Mortality and me! It’s the only story that has ever been told. Like nearly every storm that blows through the mountains here, this one passed, and within several jarring hours during which I flinched at every subsequent stroke and explosion and sought one conclusive thought regarding my time on earth, we sat out on rocks in sun and ate a very late lunch. I admitted it had been a long time since I felt so close to dying until I realized that was not true: in June I bombed down the canyon below the bunkhouse where I live on my road bike in jeans and boots and no helmet my legs spinning out in the highest gear as the strongest wind of the spring sailed me through steep curves until I caught some wavelength of air, a crosswind perhaps, and my handlebars began vibrating into what would be a plane’s tailspin, my brakes had long-been fried, and I had to slow the bike down as I fought an accelerating chaos of vibration and images of my teeth driven into my sinus chin against the chipseal. When I swung a leg off my bike stopped by some miracle in the middle of the highway my hands had the deathgrip they describe of the brakeman for a runaway train, who must be sawn from his wrists for burial.

But this acquaintance with death is a different fear than the one I know best. It is not the fear that I fear. Look at it this way: no animal fears death like we do, and I am not including domesticated dogs dependent and dilute they only bark from behind windows. In the lives of wild animals, death surrounds them so, to be too real to fear, too much a part of beauty. A deer sleeps in the growing winter cold that breathes in life and breathes out emptiness. Yet it succeeds in believing the sounds of the night, the enormity of mystery, the randomness of survival. No deer hates a cougar the way a man hates a rival, the way a man hates an equal. Man fears his distance from death: how he has allowed trivialities to take the place of his beasts, trivialities that are everywhere and ultimately subjective as they vie for his irritation, his rage, his hell. Man fears because death is not real enough to know; death is a plot device of entertainment, of the distractions that aspire to make our moments and days far less than real.
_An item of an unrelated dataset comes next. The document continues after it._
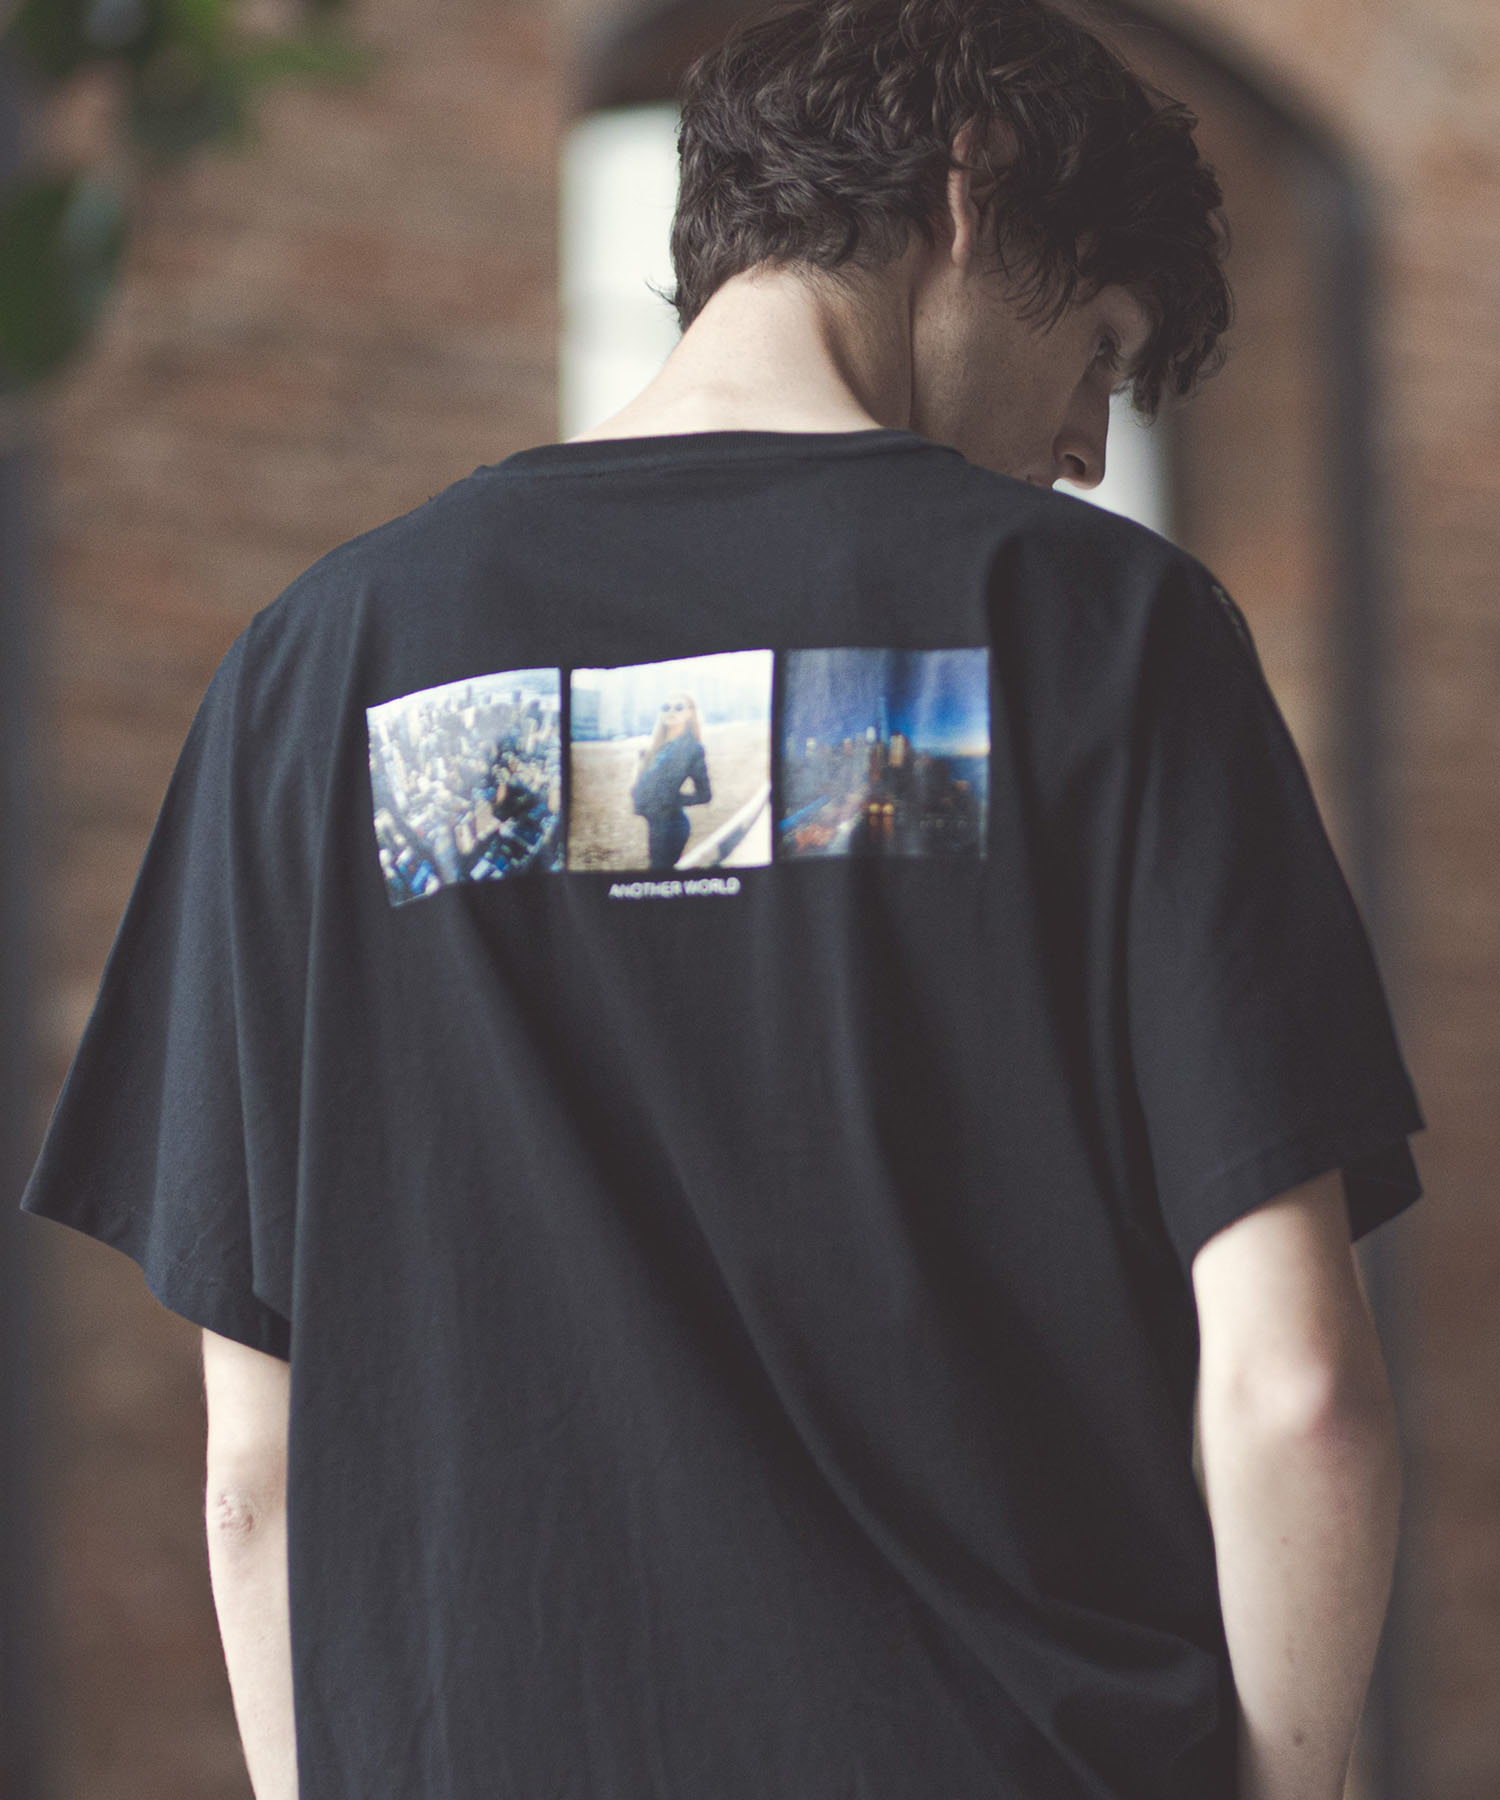 【GLIMCLAP(グリムクラップ)】Dolman sleeve Design Print T-Shirt Tシャツ(020gls-ca)
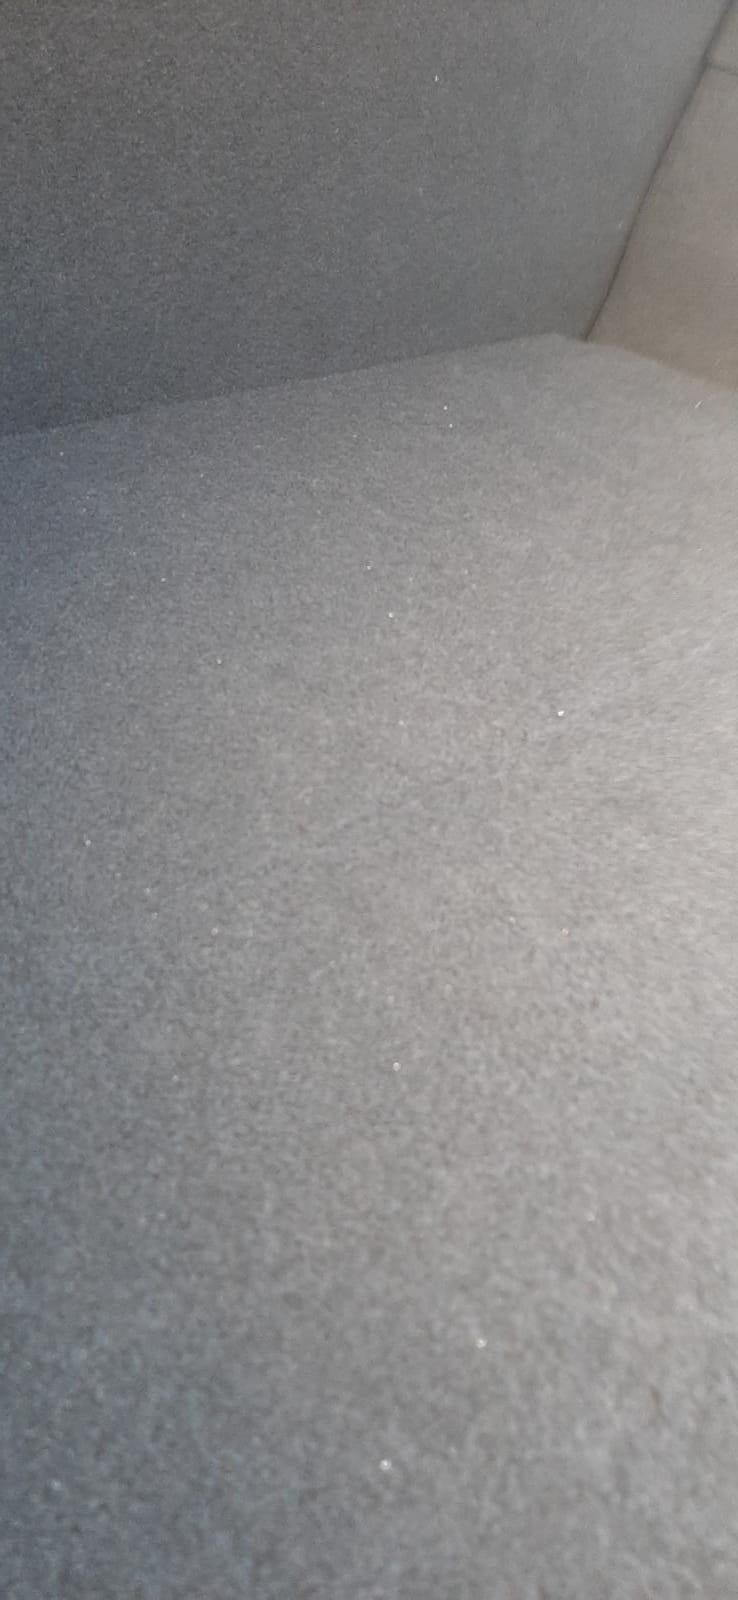 7896db53781e9bf-ca2f-49a3-b8be-7c8ff69fa628.jpg

When I truly fear, I fear that my life is a given and death is so far away.

Perhaps man first feared death when he created things that could outlive him. Sculptures for the future, securities for his progeny, he planned for growth and blazed his signature. The cacophony of effort today, to stamp what’s bigger than oneself, has made life shrink separated from death, a charade of culture. Life is taken for granted and death is always too soon—too soon to cash in, too soon to garner one’s deserved recognition, to soon to enjoy one’s savings. Too soon to ascertain that one has actually lived.

I spent the last eight days in the mountains and found the site of pilgrimage made by a grieving wife to the overlook of last year’s plane crash that killed her husband and three sons. She left a vinyl flag that boasted his company’s name and logo, an internet something out of Minnesota, and the flag had already blown over and away, chewed and shit upon by marmots and pikas. She must have felt bewildered standing before this most gorgeous view from Indian Pass, a panorama of glacial ice and pulverized granite. I imagine her guide having to finally place the flag for her, seeing she’d lost the nerve, eager to get on already back to camp.